KUALA LUMPUR: As expected AgustaWestland AW101 is the clear winner for Malaysian Defence poll for the favourite helicopter to replace the Nuri.
The AW101 (formerly EH101) led the hustings from the start when Malaysian Defence was hosted at blogspot and when it went Dot Com, the chosen helicopter for the western world continued to be the favourite. So the AW101 was the clear winner with more than 52 per cent of the votes from the readers.
The NH90 and Chinook came second and third respectively with the Mi-17 closing the vote. One interesting thing that happened after Malaysian Defence went Dot Com was that the vote for the Russian machine actually increased even after the Auditor General report.
Anyhow as Malaysian Defence mentioned earlier the AW101 CSAR variant will be the most expensive of the four helicopters featured in the poll. With FLIR, radar and EW equipment it will easily cost around US$50 million (around RM170 million)
Malaysian Defence was informed that the budget for the Nuri helicopter programme is around RM600 million, so if the CSAR version of the AW101 was chosen, we will only be able to buy not more than five examples. In fact, if you add the cost for training, it will be not be more than four.
Unless more money is released it looked like as if the Nuri will continue to rule our skies. But Malaysian Defence believes if we could be smarter, more helicopters could be purchased after the initial batch of four or five.
Smart procurement is the key word. Cut other wasteful projects like the NGPV and others, we may be able to get more helicopters.
The NH90 is of course cheaper but it does not have the legs like the AW101, Chinook is to big and complex for the intended role while the Mi-17 is an old design which is not much better than the Nuri when it comes to modern electronics as exposed by the Auditor General report.
So how are we going to finance the AW101 purchase. By having a smart procurement plan of course. Malaysian Defence list below is not exclusive, if you have other ideas please chip in.

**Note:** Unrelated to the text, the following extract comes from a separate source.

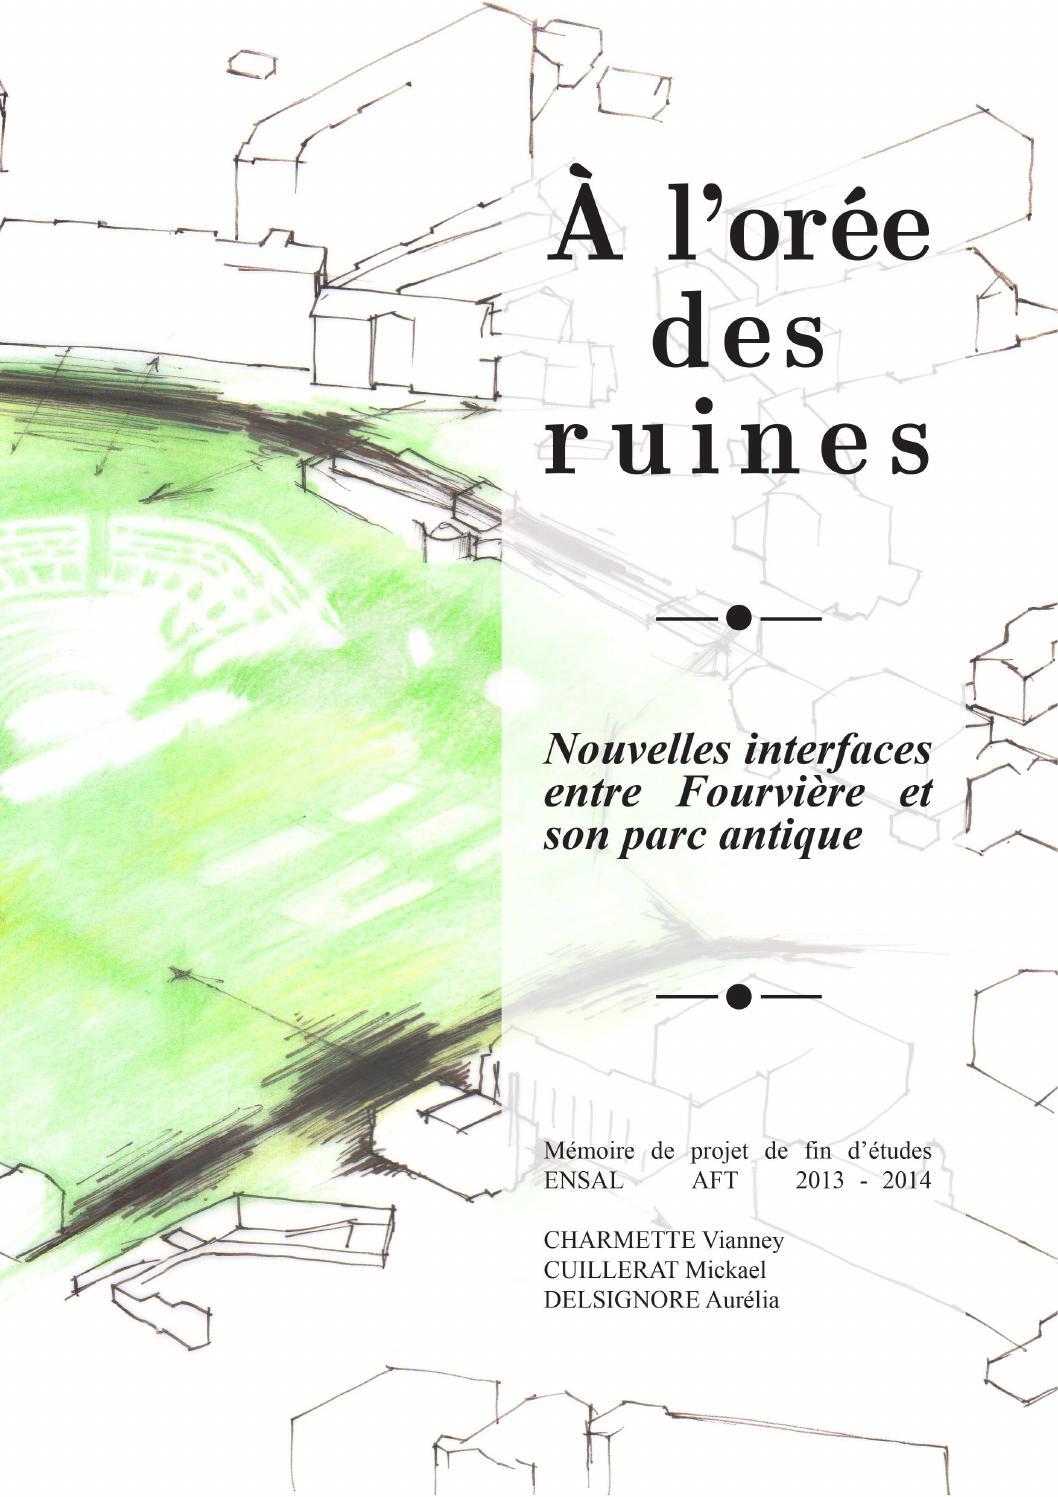 Rune usine frontière Guide de rencontre

1) Buy the helicopter with cash, not on credit or barter. Like buying tv or fridge, cash is king, we will be able to haggle for the best price.
2) Do not placed any offset or local participation on the manufacturer apart from a full service centre in Kuala Lumpur. Offsets and local participation will only increase the price by at least 20 per cent and in extreme cases by 50 per cent.
3) Make sure the equipment to be installed are the ones recommended and guaranteed by the helicopter manufacturer. Let them haggle the price of these equipment with their sub-contractors.
4) As they will probably give us export versions of the black boxes (electronics) make sure that these equipment are tested and verified by the helicopter manufacturer before it is installed on our helicopters so there will be no integration issues.
5) Signed a fool-proof late delivery penalties to ensure that these helicopters are delivered on time, by 2010 of course.
6) Sent our pilots to undergo training with the helicopter manufacturers as soon as the procurement contract is signed so they will be ready as soon as the helicopters are ready to be commissioned (after completing testing of course)
7) When we decided the helicopter to purchase, make sure we signed for further examples to be purchased once the funds are available.
Malaysian Defence hopes that Mindef would take a hard look at the seven suggestions and see it as constructive criticisms. We do not need further wastefulness as in the past. Too much money has been wasted already.